Search code examples
pythontextreplacems-wordpython-docx

How to use python-docx to replace text in a Word document and save


The oodocx module mentioned in the same page refers the user to an /examples folder that does not seem to be there.
I have read the documentation of python-docx 0.7.2, plus everything I could find in Stackoverflow on the subject, so please believe that I have done my “homework”.

Python is the only language I know (beginner+, maybe intermediate), so please do not assume any knowledge of C, Unix, xml, etc.

Task : Open a ms-word 2007+ document with a single line of text in it (to keep things simple) and replace any “key” word in Dictionary that occurs in that line of text with its dictionary value. Then close the document keeping everything else the same.

Line of text (for example) “We shall linger in the chambers of the sea.”

from docx import Document

document = Document('/Users/umityalcin/Desktop/Test.docx')

Dictionary = {‘sea’: “ocean”}

sections = document.sections
for section in sections:
    print(section.start_type)

#Now, I would like to navigate, focus on, get to, whatever to the section that has my
#single line of text and execute a find/replace using the dictionary above.
#then save the document in the usual way.

document.save('/Users/umityalcin/Desktop/Test.docx')

I am not seeing anything in the documentation that allows me to do this—maybe it is there but I don’t get it because everything is not spelled-out at my level.

I have followed other suggestions on this site and have tried to use earlier versions of the module (https://github.com/mikemaccana/python-docx) that is supposed to have "methods like replace, advReplace" as follows: I open the source-code in the python interpreter, and add the following at the end (this is to avoid clashes with the already installed version 0.7.2):

document = opendocx('/Users/umityalcin/Desktop/Test.docx')
words = document.xpath('//w:r', namespaces=document.nsmap)
for word in words:
    if word in Dictionary.keys():
        print "found it", Dictionary[word]
        document = replace(document, word, Dictionary[word])
savedocx(document, coreprops, appprops, contenttypes, websettings,
    wordrelationships, output, imagefiledict=None) 

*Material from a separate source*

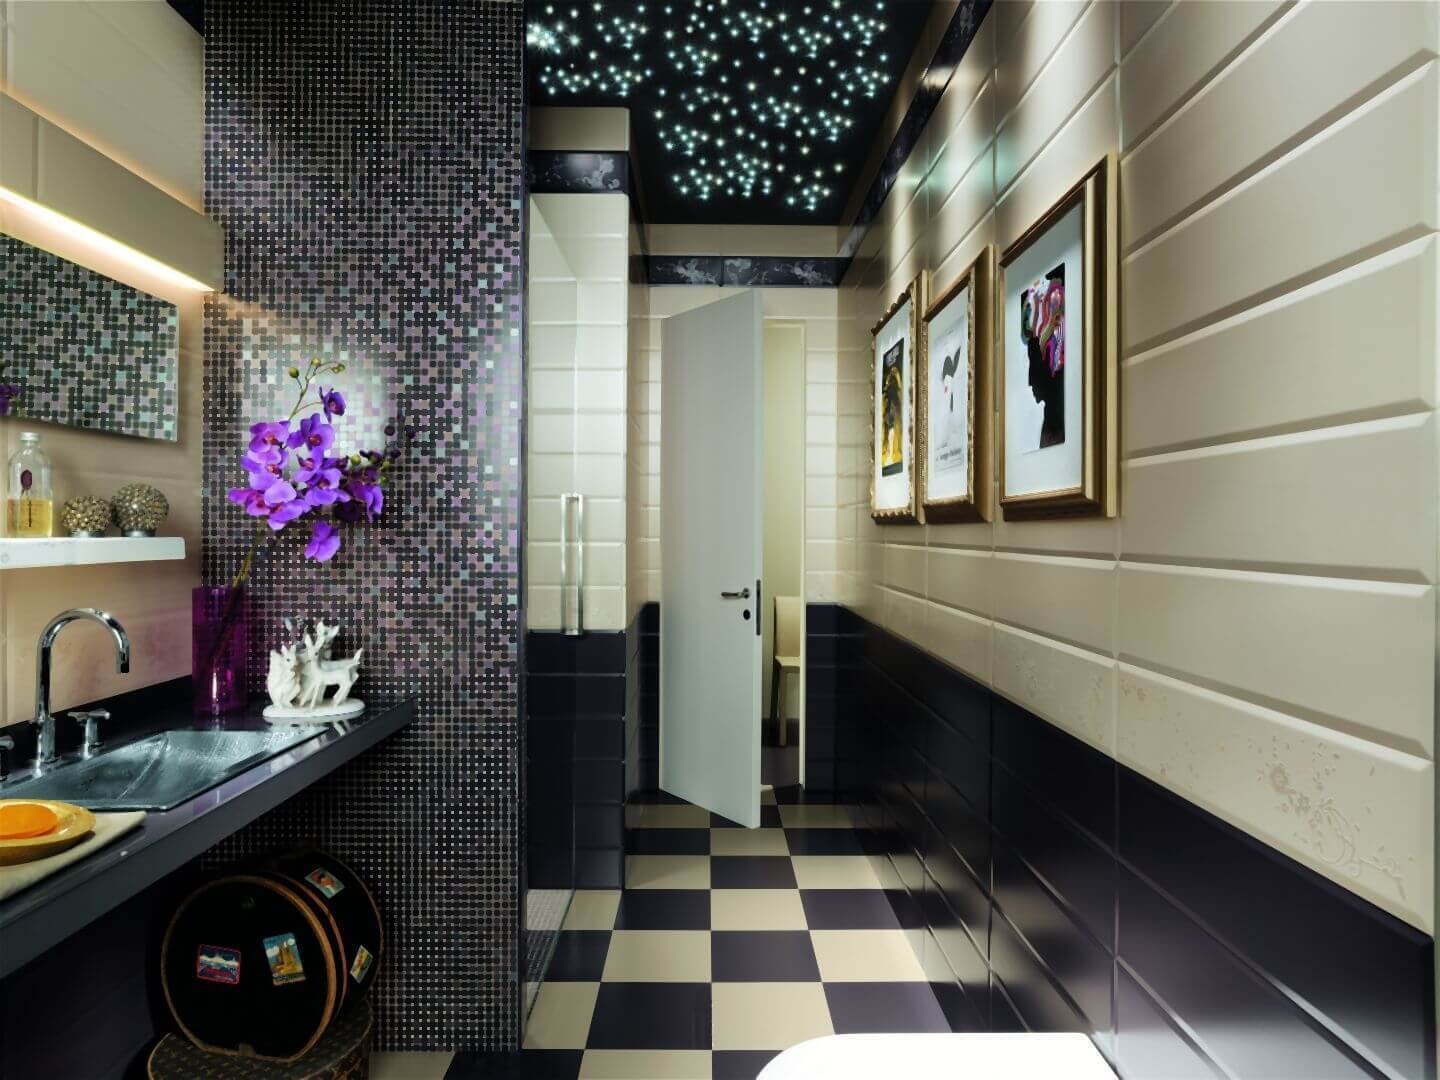 Fap site. Ванная с мозаикой. Сочетание плитки и мозаики. Сочетание мозаики и плитки в ванной. Мозаика в интерьере ванной комнаты.
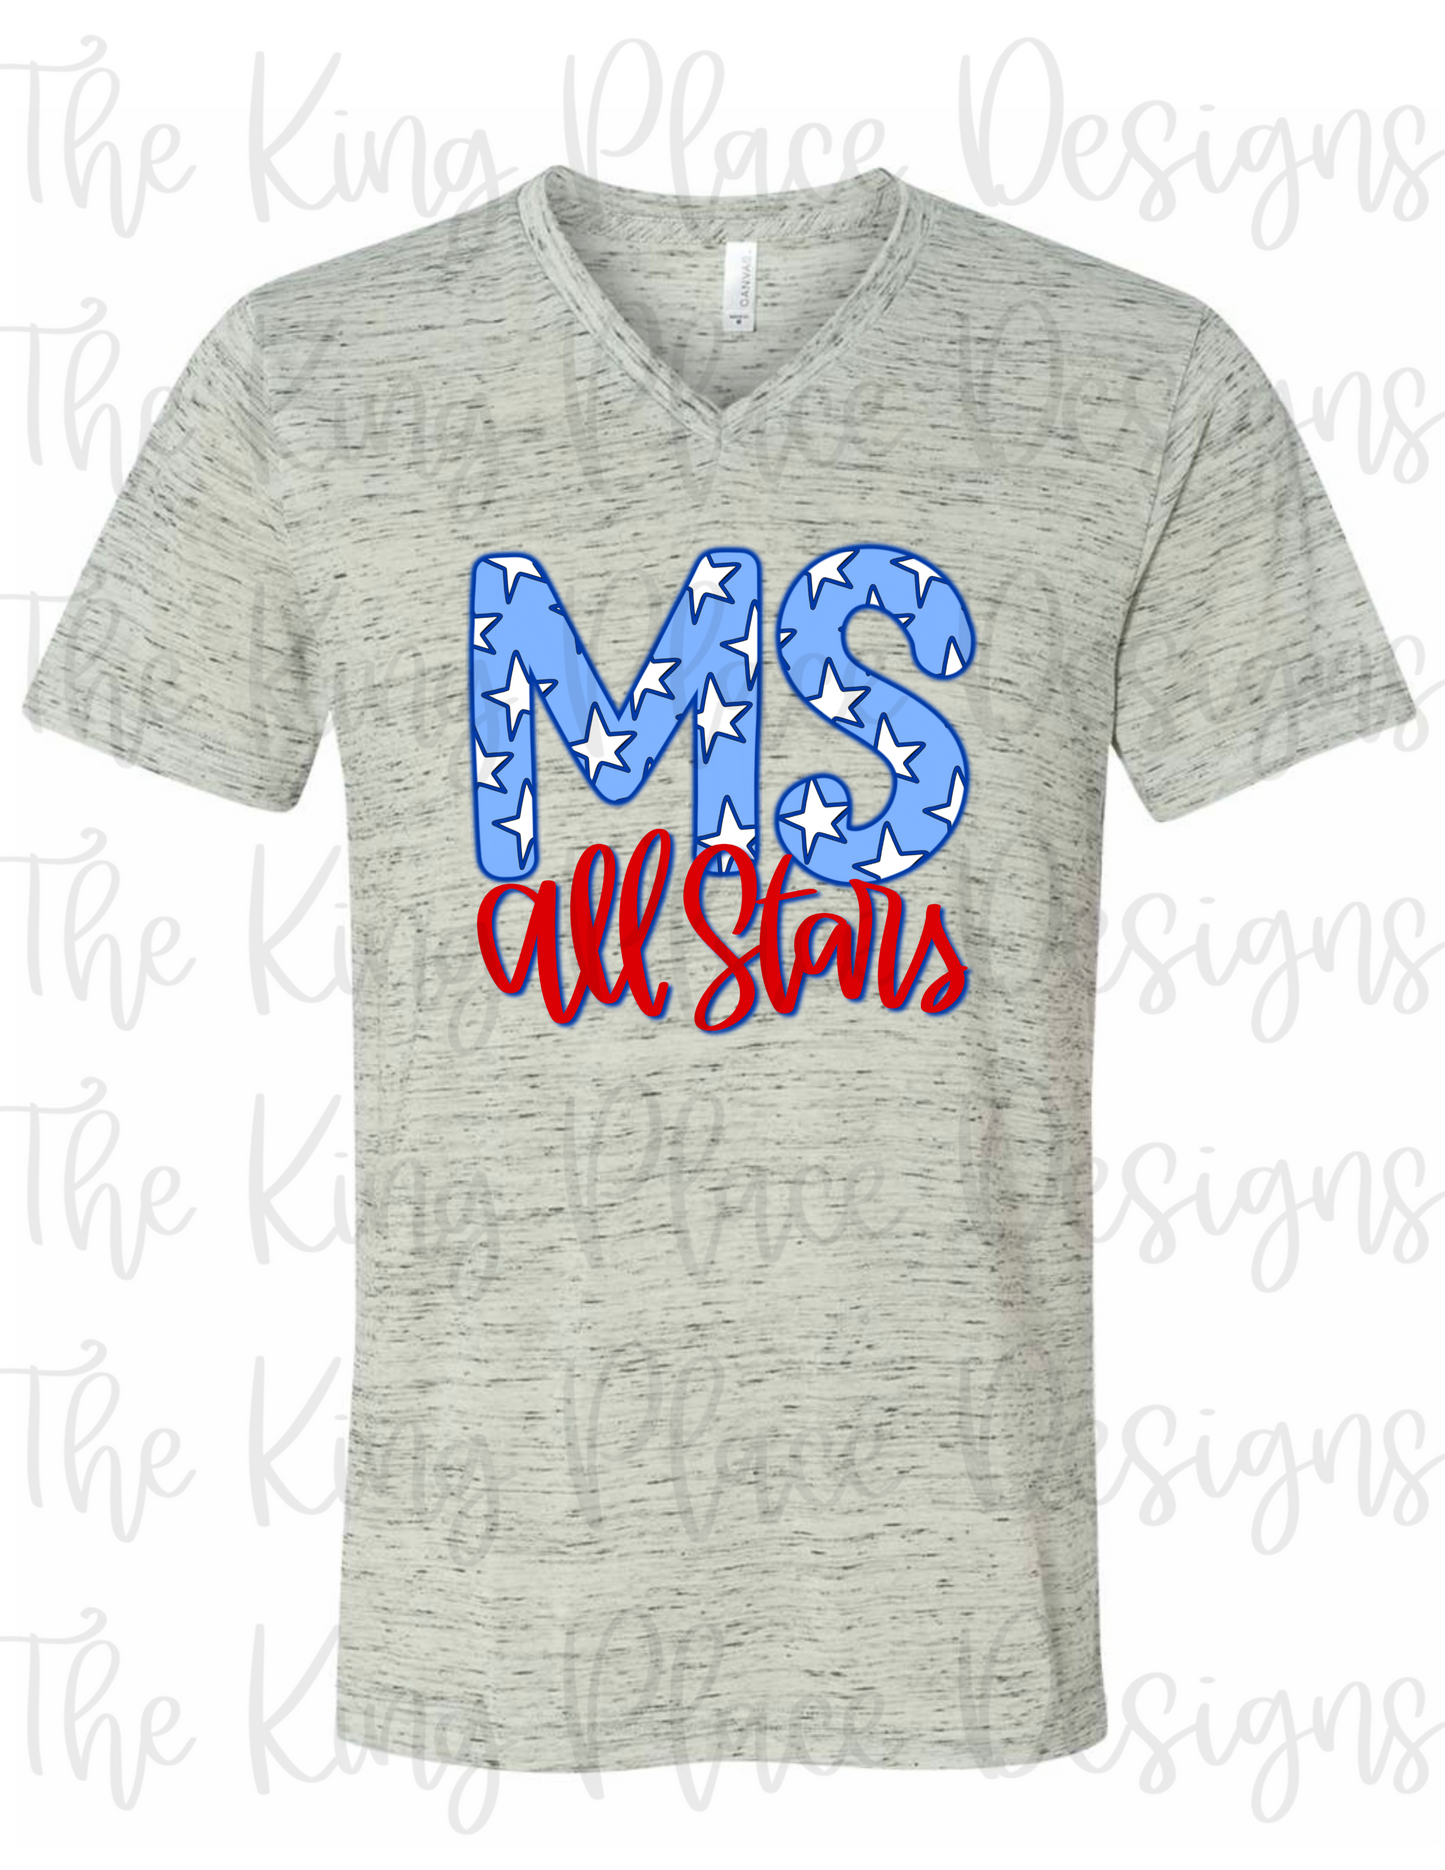 MS All Stars Tee/Tank

Running this produces the following error message:

NameError: name 'coreprops' is not defined

Maybe I am trying to do something that cannot be done—but I would appreciate your help if I am missing something simple.

If this matters, I am using the 64 bit version of Enthought's Canopy on OSX 10.9.3


Solution

  • UPDATE: There are a couple of paragraph-level functions that do a good job of this and can be found on the GitHub site for python-docx.

    1. This one will replace a regex-match with a replacement str. The replacement string will appear formatted the same as the first character of the matched string.
    2. This one will isolate a run such that some formatting can be applied to that word or phrase, like highlighting each occurence of "foobar" in the text or perhaps making it bold or appear in a larger font.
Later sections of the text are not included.